## Task
Keep the images out while you set down the data exactly.

-- Collected material follows --

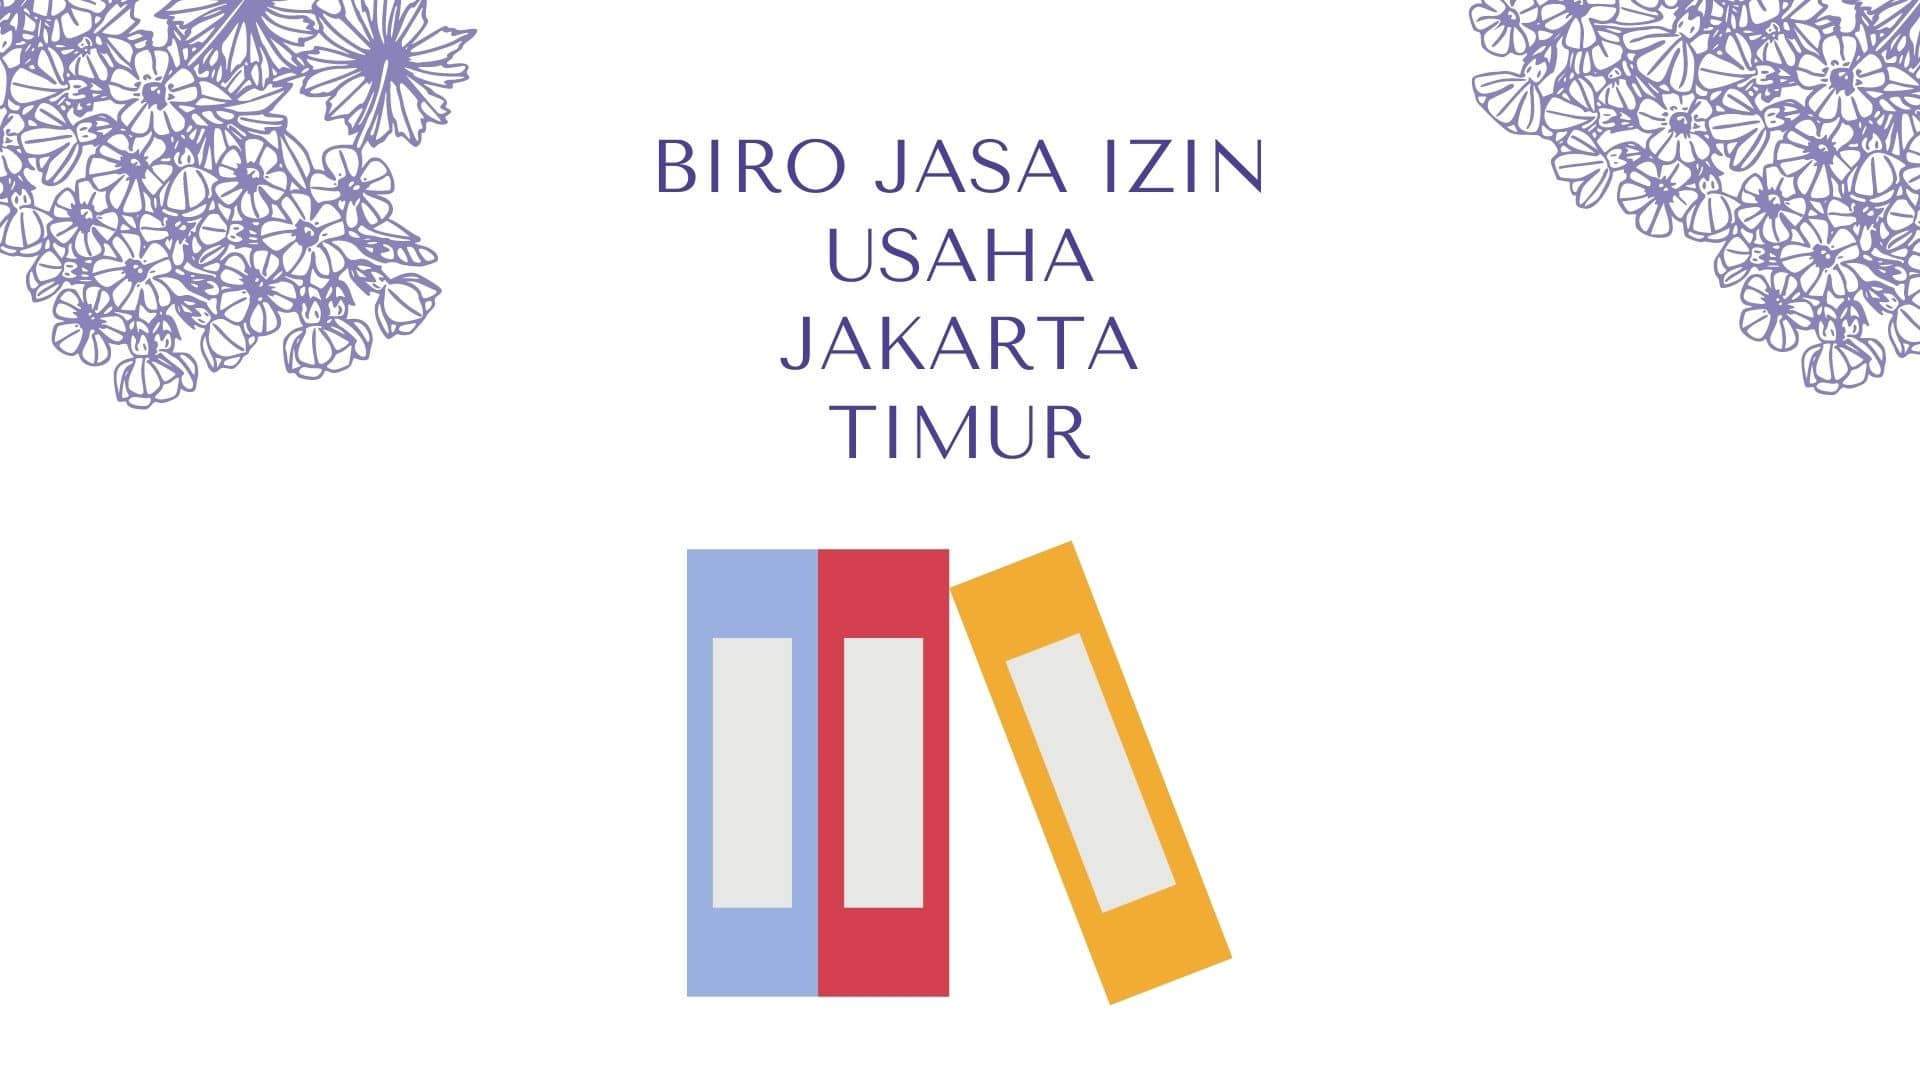 Biro Jasa Izin Usaha Jakarta Timur
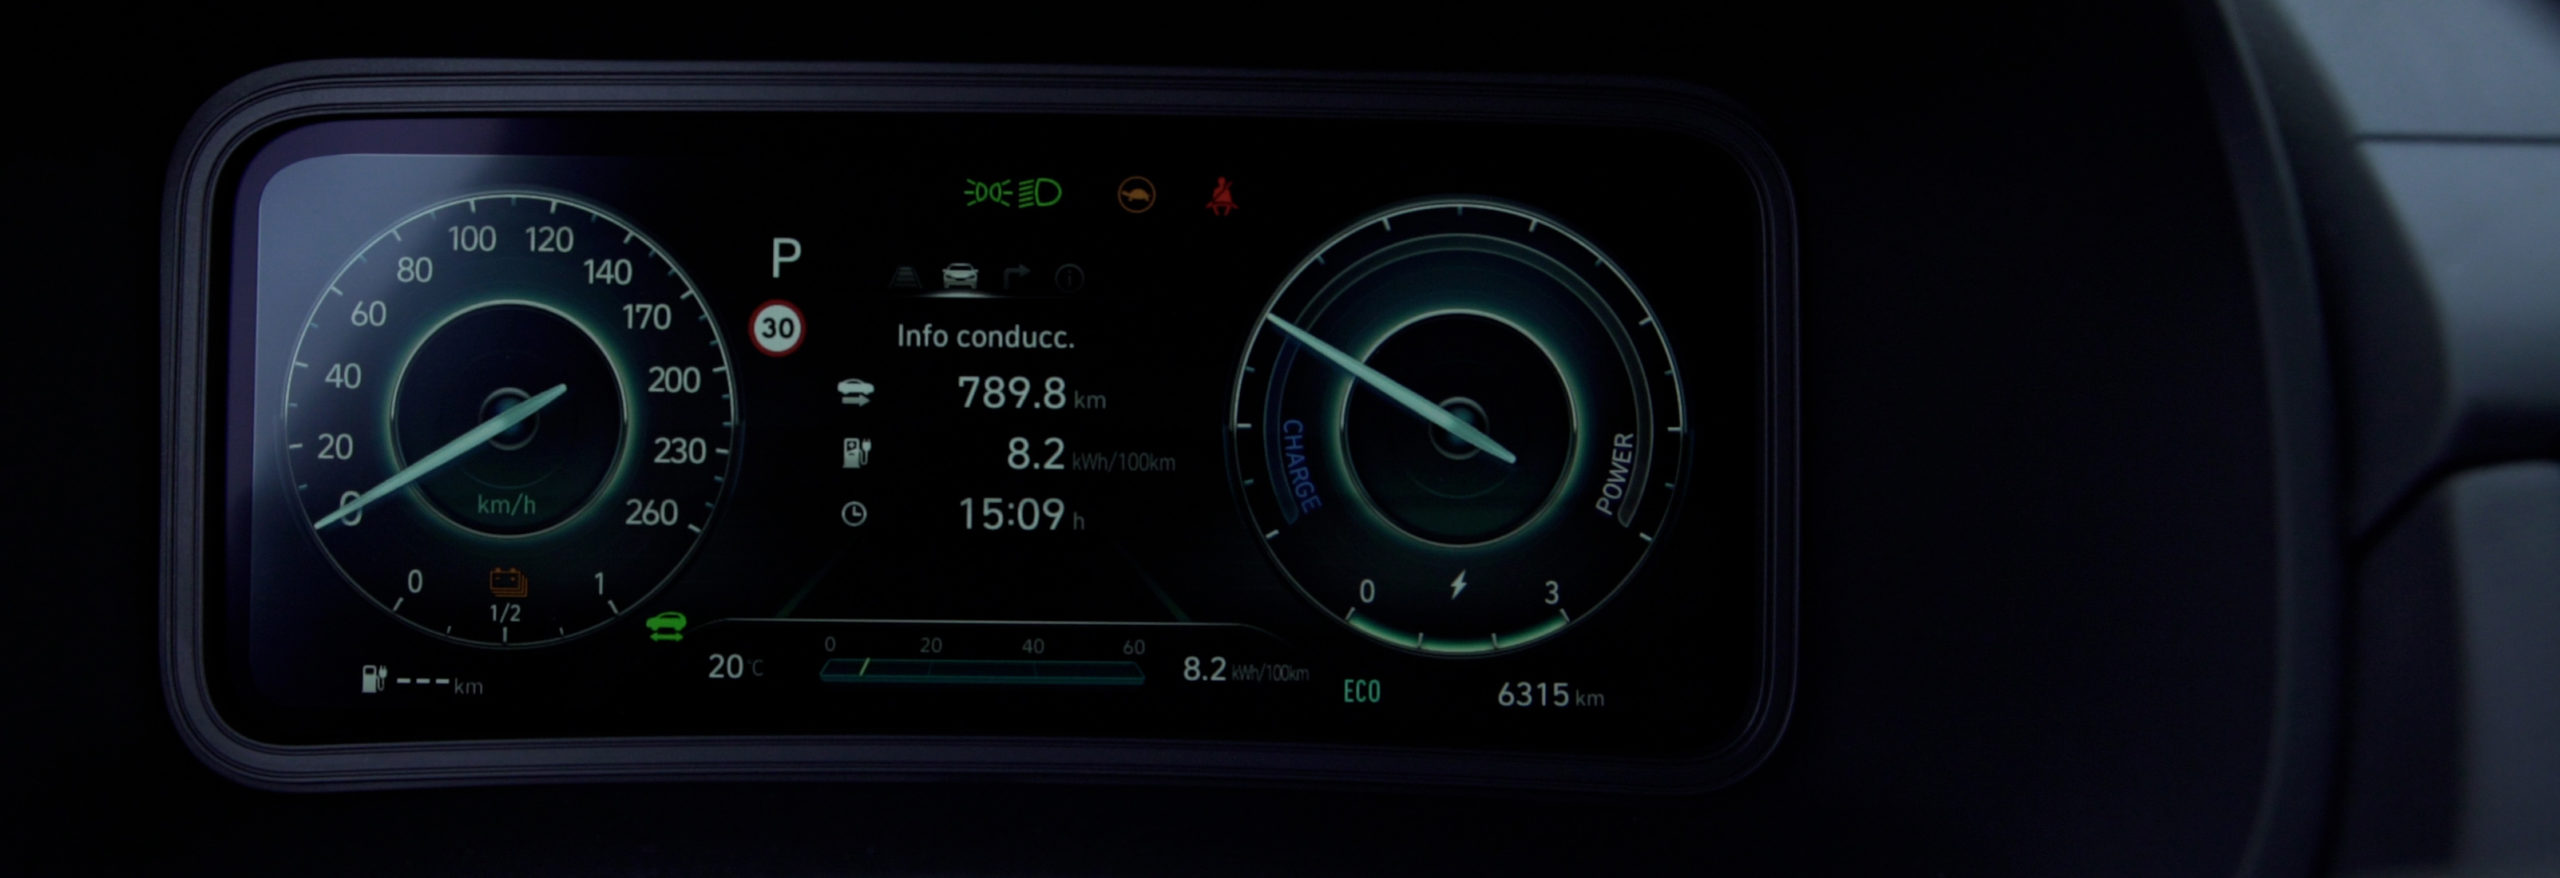 Hyundai Kona eléctrico récord de autonomía en ciclo urbano
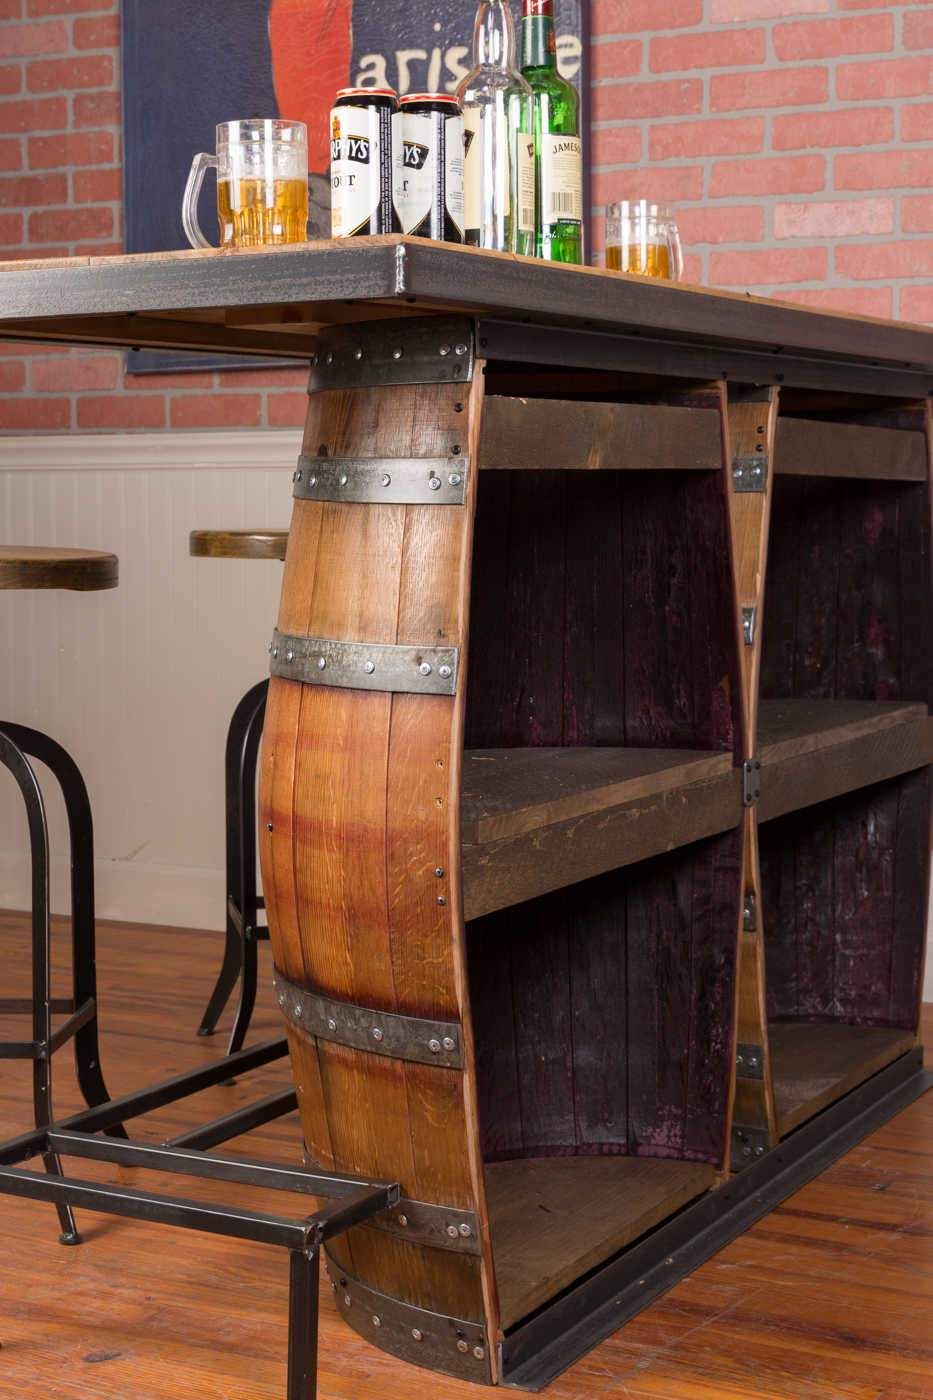 Why You Should Buy Wine Barrel Furniture?

-- Collected material concluded --

## Solution for this exercise
 Biro Jasa Izin Usaha Jakarta Timur
 Hyundai Kona eléctrico récord de autonomía en ciclo urbano
 Why You Should Buy Wine Barrel Furniture?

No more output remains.